Friday, January 25, 2013

Look at the autobiographical influences!


Book: Look at the Harlequins!
Author: Vladimir Nabokov
Published: 1974 (McGraw Hill)
Pages: 253

The more I read of this, the more I wondered if Nabokov was just fucking with me. Is it his own memoir, is it a satirical memoir of a writer very much like him only exaggerated, is it a novel in the form of said exaggerated memoir, and if so, what’s the difference between those last two?

I still don’t really have an answer seeing as how the book is called “a new novel by the author of…” on its book jacket, offers all other Library of Congress classification info except novel/memoir distinction on the copyright page, and constantly has the protagonist call himself by Nabokov’s name yet reference only novel titles that I’m almost certain Nabokov didn’t use while referring constantly to this here narrative as a memoir.



Why does any of this matter when the writing is pleasantly zany (it begins “I met the first of my three or four wives…”), witty, and eloquent in the slightly baroque manner that crashes and burns in hands any less delicate than Nabokov’s? His rambles through his love lives and professional progress are entertaining and revealing without much of a central theme but with plenty of self-depreciation disguised as arrogance that gradually lets you realize just exactly how seriously he isn’t taking himself. And he still knows when to reign that in to show quieter, genuine emotions (not a whole lot, but it’s there when it needs to be, like when his first wife died).

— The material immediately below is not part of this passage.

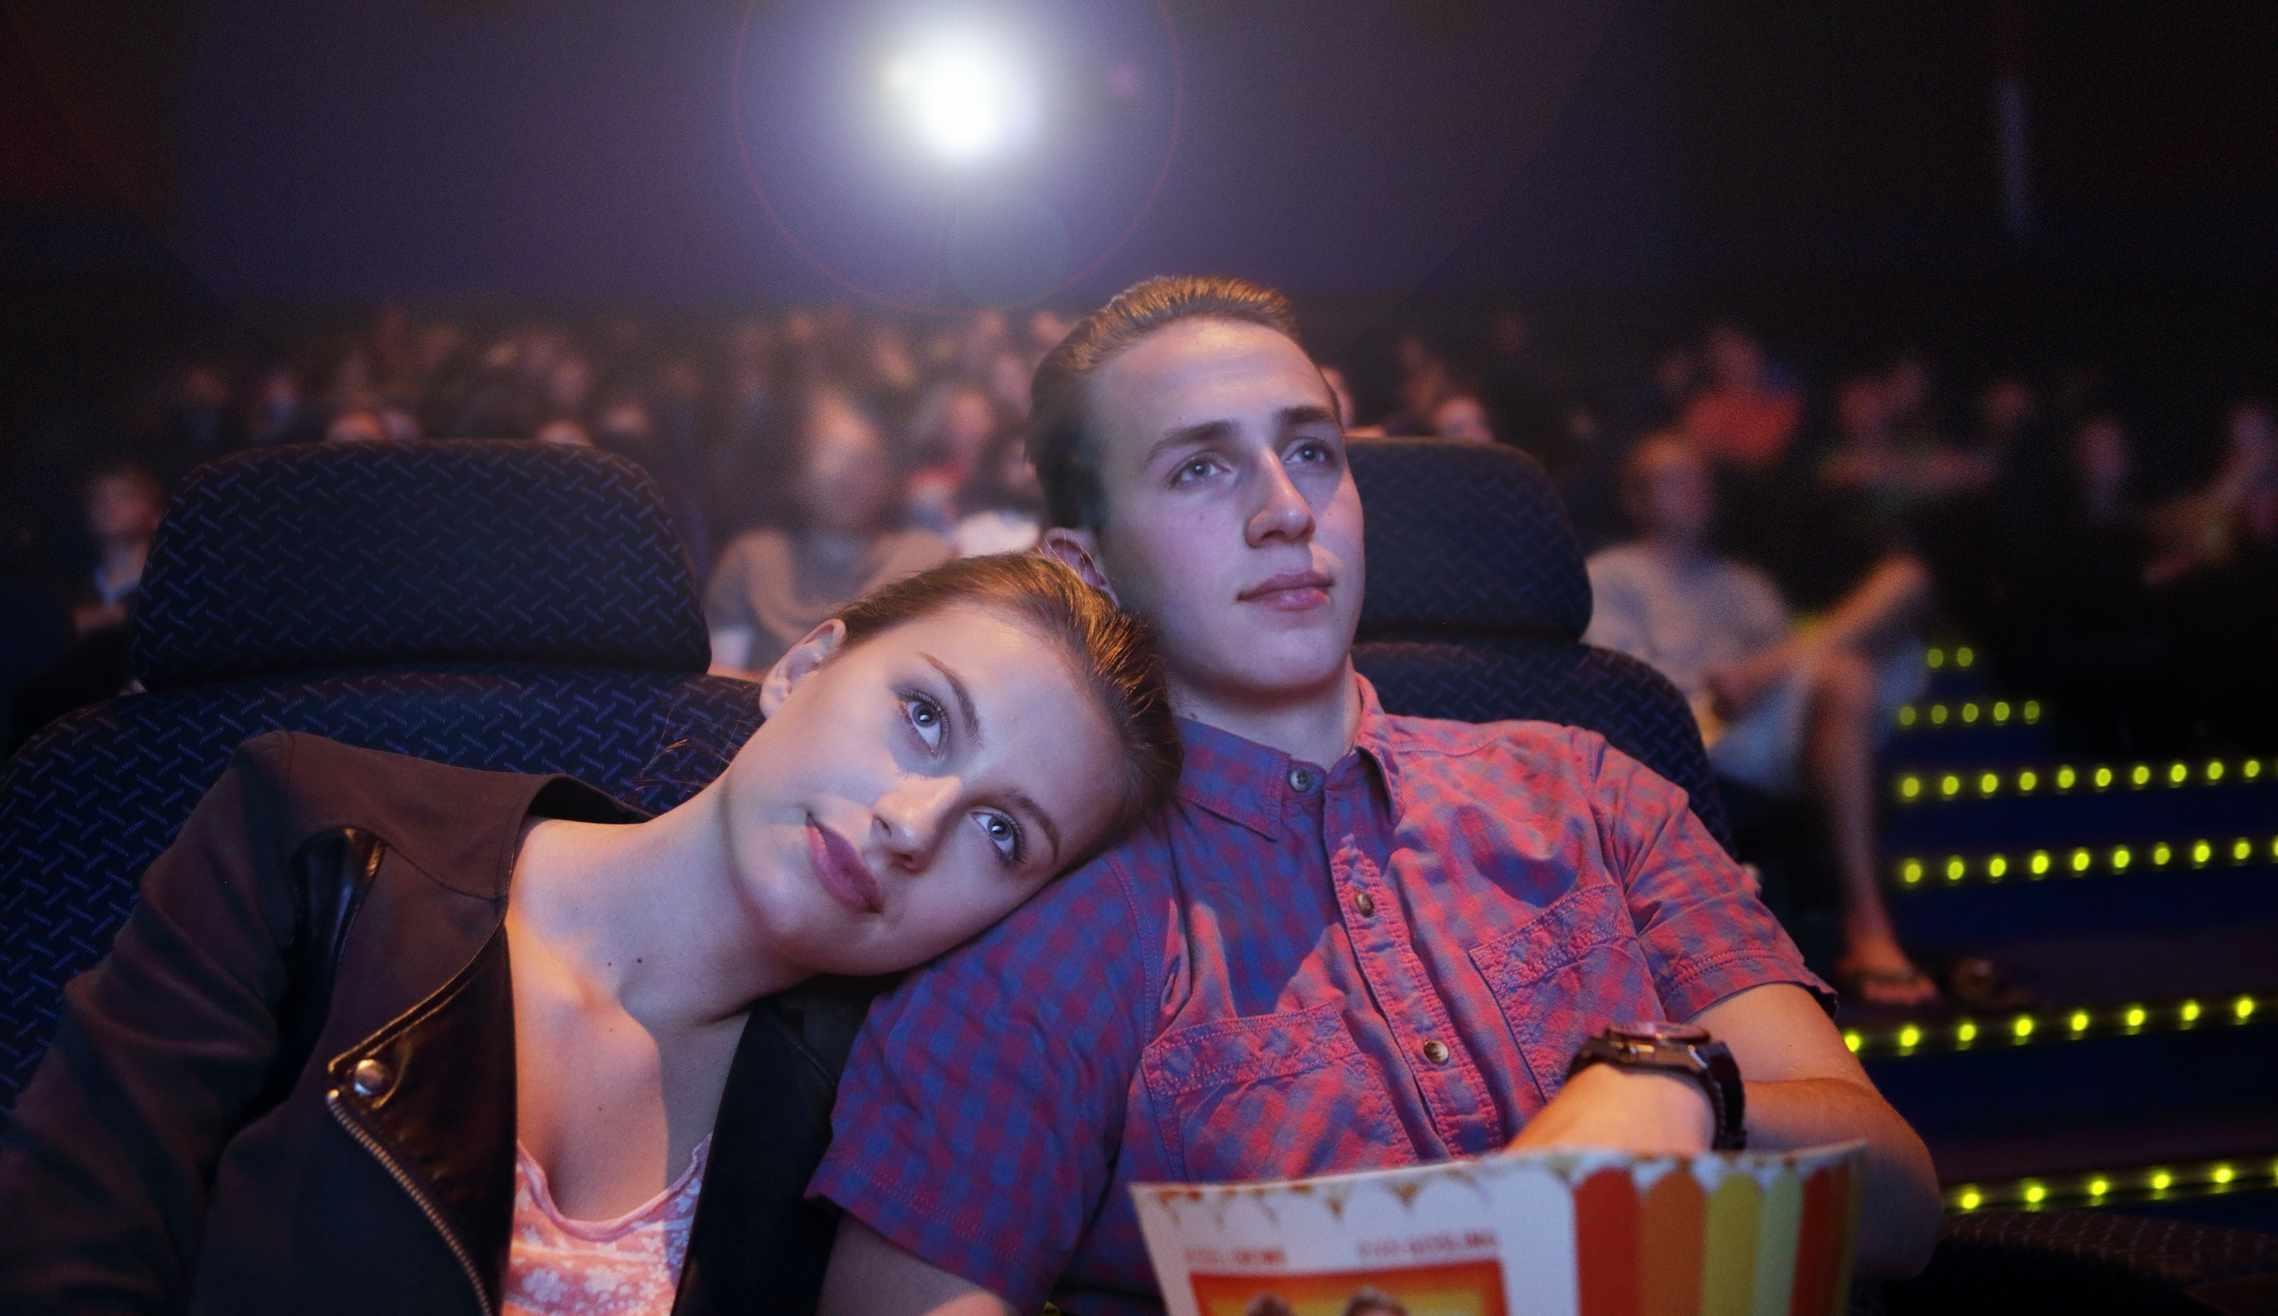 Una pareja ve una película y come palomitas en el cine

I just want to know how or if he writes his fiction differently than his self-examining. The New York Times review from 1974 tells me this was Nabokov’s last novel published before his death in 1977. It’s classified as a fictional autobiography – okay. So that makes total sense, and as far as this Constant Reader is constantly concerned, it’s a bookshelf-worthy success, right between my David Mitchell and Phillip Pullman.

I bought this at last year’s South Caroline Book Festival (three for a dollah, y’all: that’s also where I got A Supposedly Fun Thing I’ll Never Do Again and that giant-ass hard sci-fi anthology, so I AM MAKING THE OLD BOOK PILE PROGRESS HOO-YAH) because I wanted to read Nabokov. Ideally Lolita, but that wasn’t on sale there.

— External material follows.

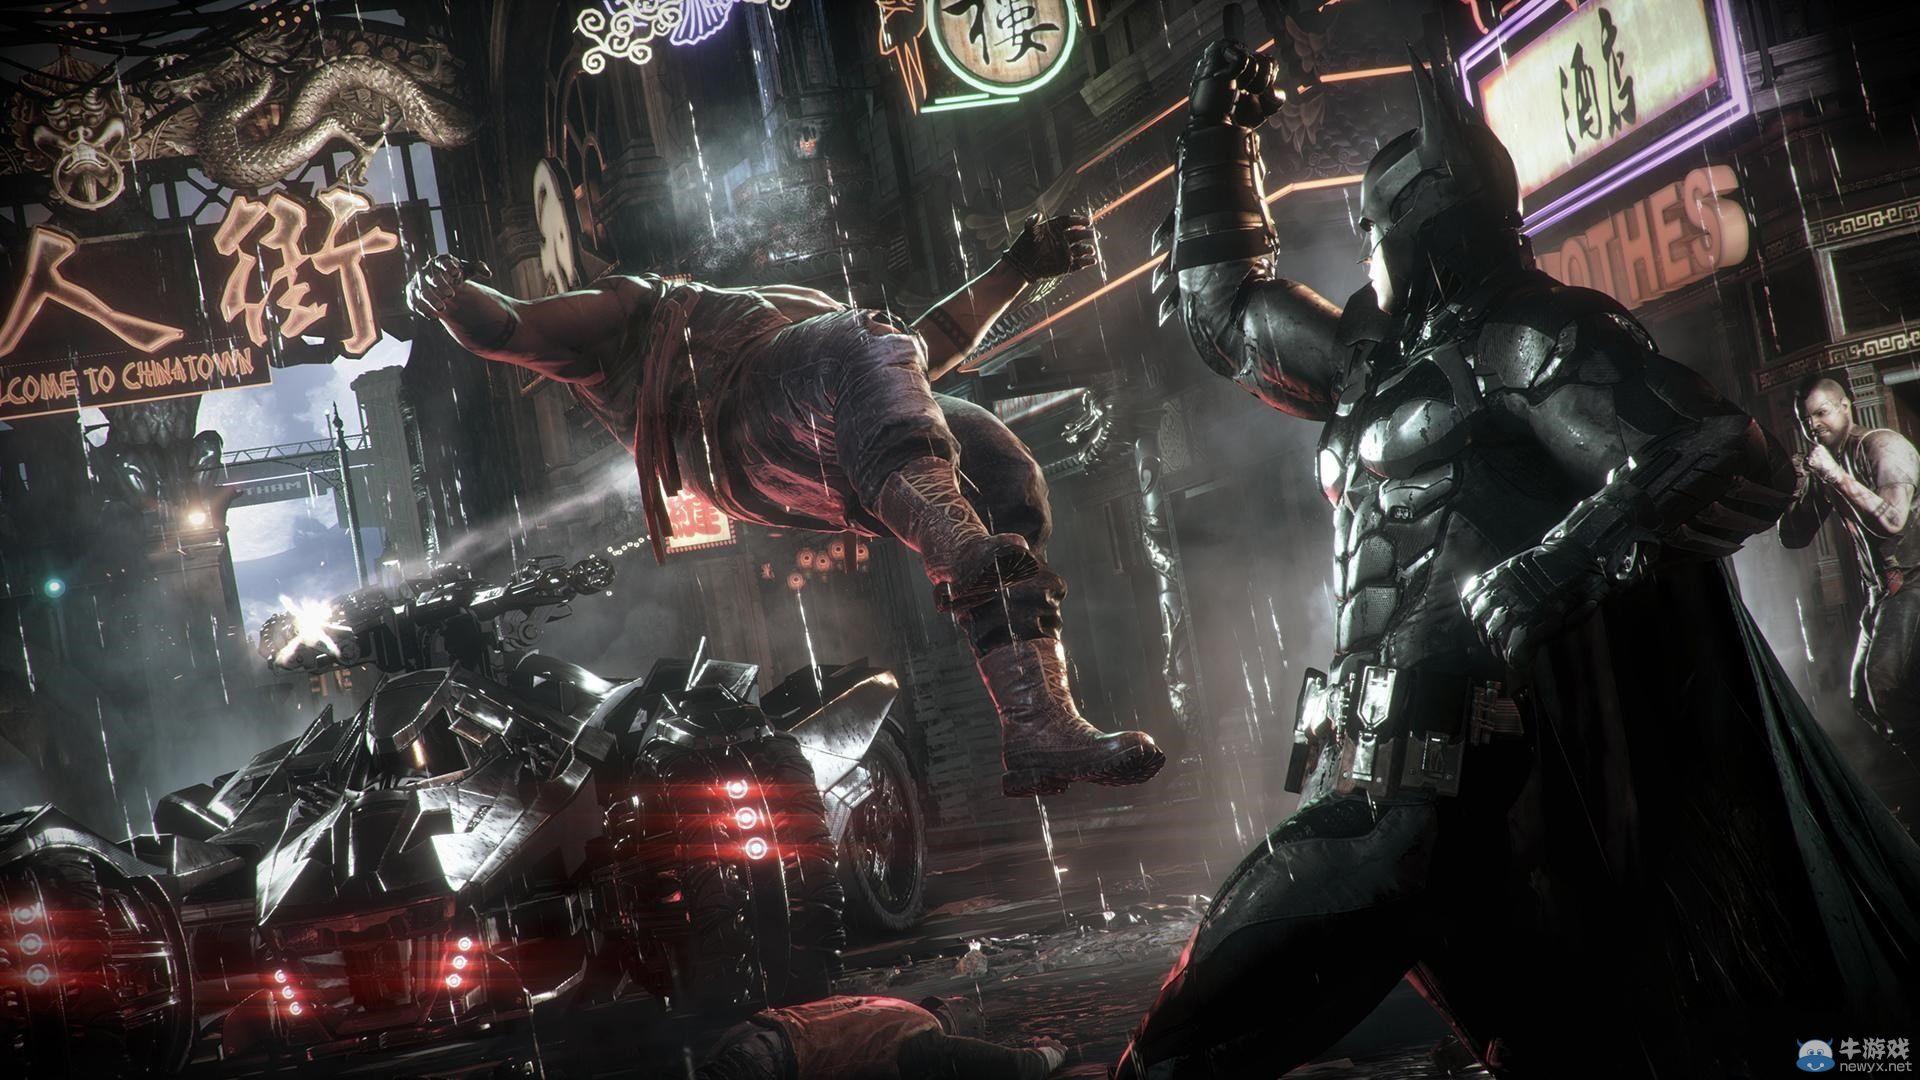 《蝙蝠侠:阿甘骑士》开发工作已接近完成:好期待

Yes, I realize I could go to Barnes and Noble or the Books-a-Million across the street from my Barnes and Noble or the stacks on the other side of the wall from my office or not leave my apartment and find this on Amazon, but two things:
  1.   Found books are more fun.
  2.  Lolita sounds creepy. I know it’s literature and I want everybody to write about whatever they want and not get censored. But it’s still creepy and I will have to prepare myself more than when I read about other stuff.